Existe, nas margens do tempo, um espaço que não nomeamos jamais. Tocamo-lo levemente, atravessamo-lo sem o saber. É a sombra deixada por uma alegria demasiado intensa, ou o rasto indecifrável de uma palavra que não ousámos proferir. Esse espaço – essa lacuna – é o preciso lugar onde se acumulam os nossos fracassos. Não as falhas visíveis, as registadas pela história e que tranquilizam o juízo humano, mas as perdas mínimas, as perdas silenciosas, as perdas que cometemos por ignorância do nosso próprio valor.

Um dia, descobrimos que o que deixámos escapar não foi um momento, nem um gesto insignificante: fomos nós próprios. Tal como nas Metamorfoses de Ovídio, é justamente onde o esquecimento mergulha os seres noutras formas, que nos tornamo o eco negado do que poderíamos ter sido. Ovídio sabia que o silêncio não é uma mera retirada, mas um poder ambíguo. Nas tragédias gregas, é uma arma: na boca de Electra, o silêncio torna-se revolta; na de Antígona, desafio; na de Niobe, petrificação. No entanto, nós, modernos, confundimos muitas vezes silêncio com desaparecimento. Acreditamos que, ao suprimir os nossos desejos, ganhamos tempo; que, ao diminuir a nossa própria luz, servimos o mundo. Mas o silêncio, quando não é escolhido, esculpe um vazio interior onde tudo o que poderia florescer é sepultado.
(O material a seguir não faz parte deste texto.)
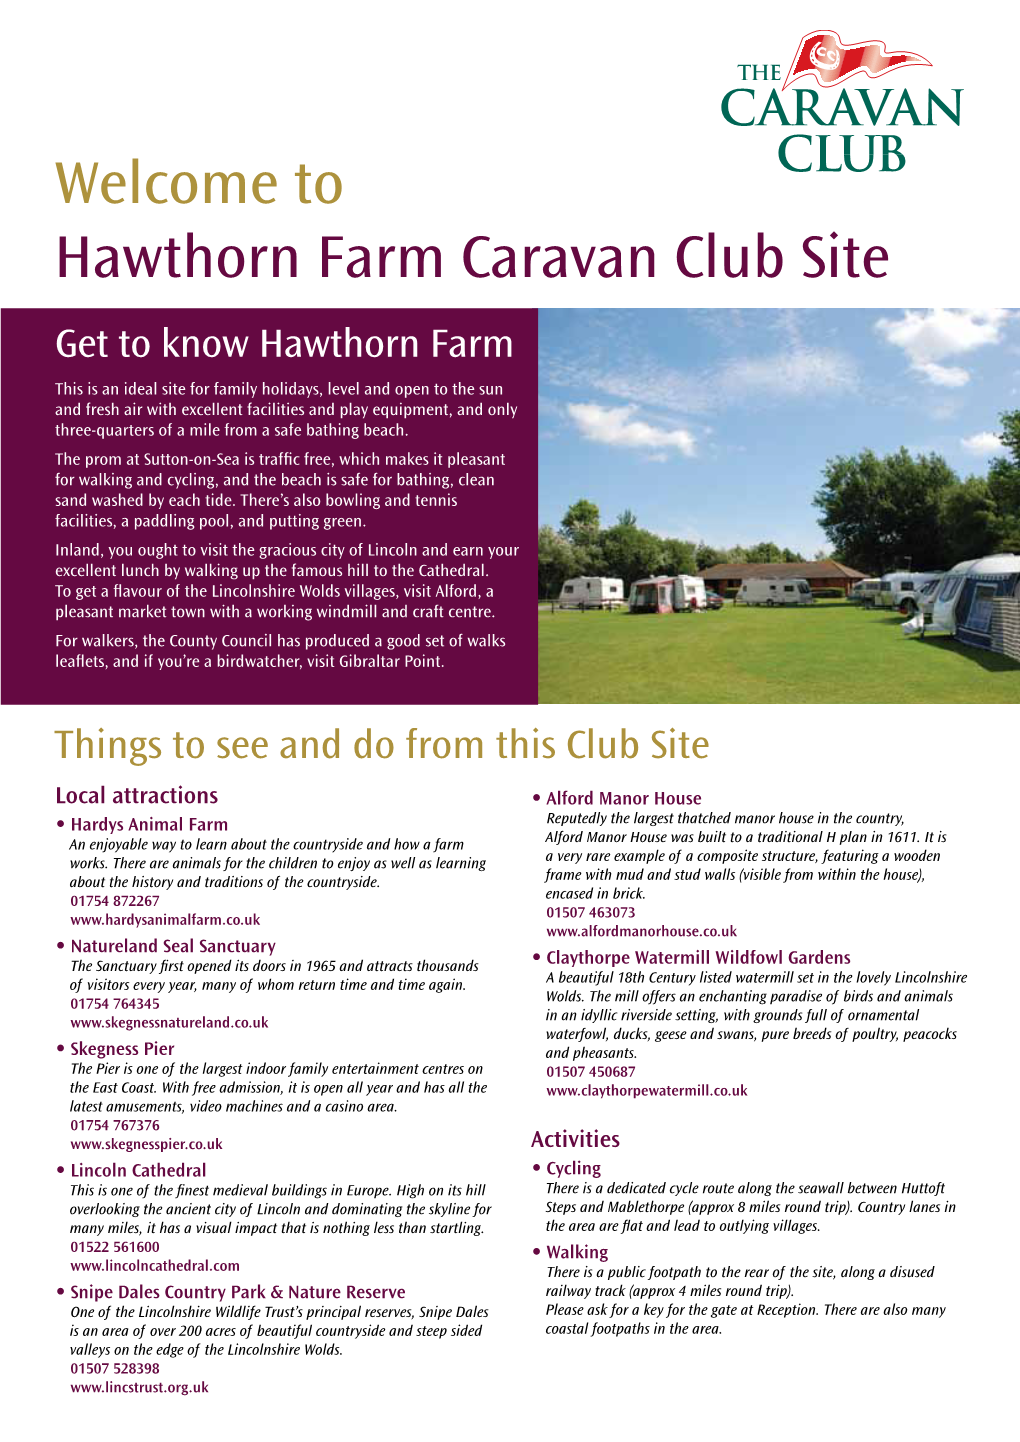 Welcome to Hawthorn Farm Caravan Club Site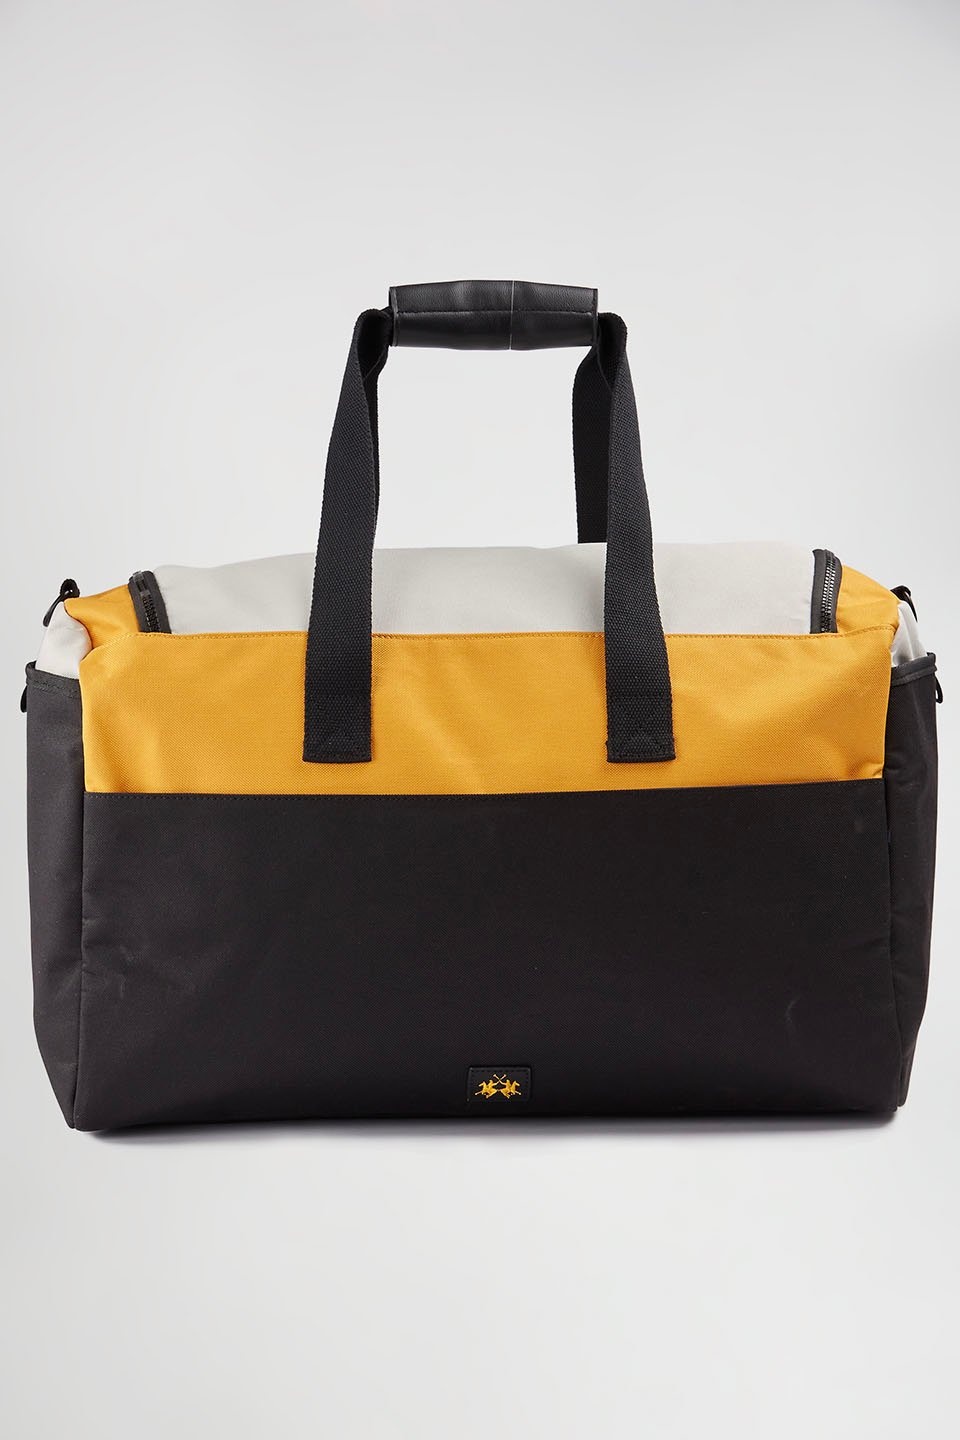 Polyester duffel bag | La Martina - Official Online Shop

E quantas vezes não nos sujeitámos ao domínio dessa humildade insensata que alberga o medo, disfarçando-o de virtude? Dizemo-nos que é nobre apagarmo-nos; chamamos-lhe paciência, contenção, discrição. Mas, na verdade, é uma lenta deserção. É assim que perdemos o nosso lugar no coro humano, um pouco como Orfeu perdendo Eurídice: virando a cabeça no momento errado, duvidando do que levamos connosco e do que nos segue.

O que se perde por falta de autoconhecimento não pode ser recuperado como um objeto extraviado. É um fio partido na trama do destino. Non exiguum temporis habemus, sed multum perdidimus – diz-nos Séneca: não é que nos falte tempo;........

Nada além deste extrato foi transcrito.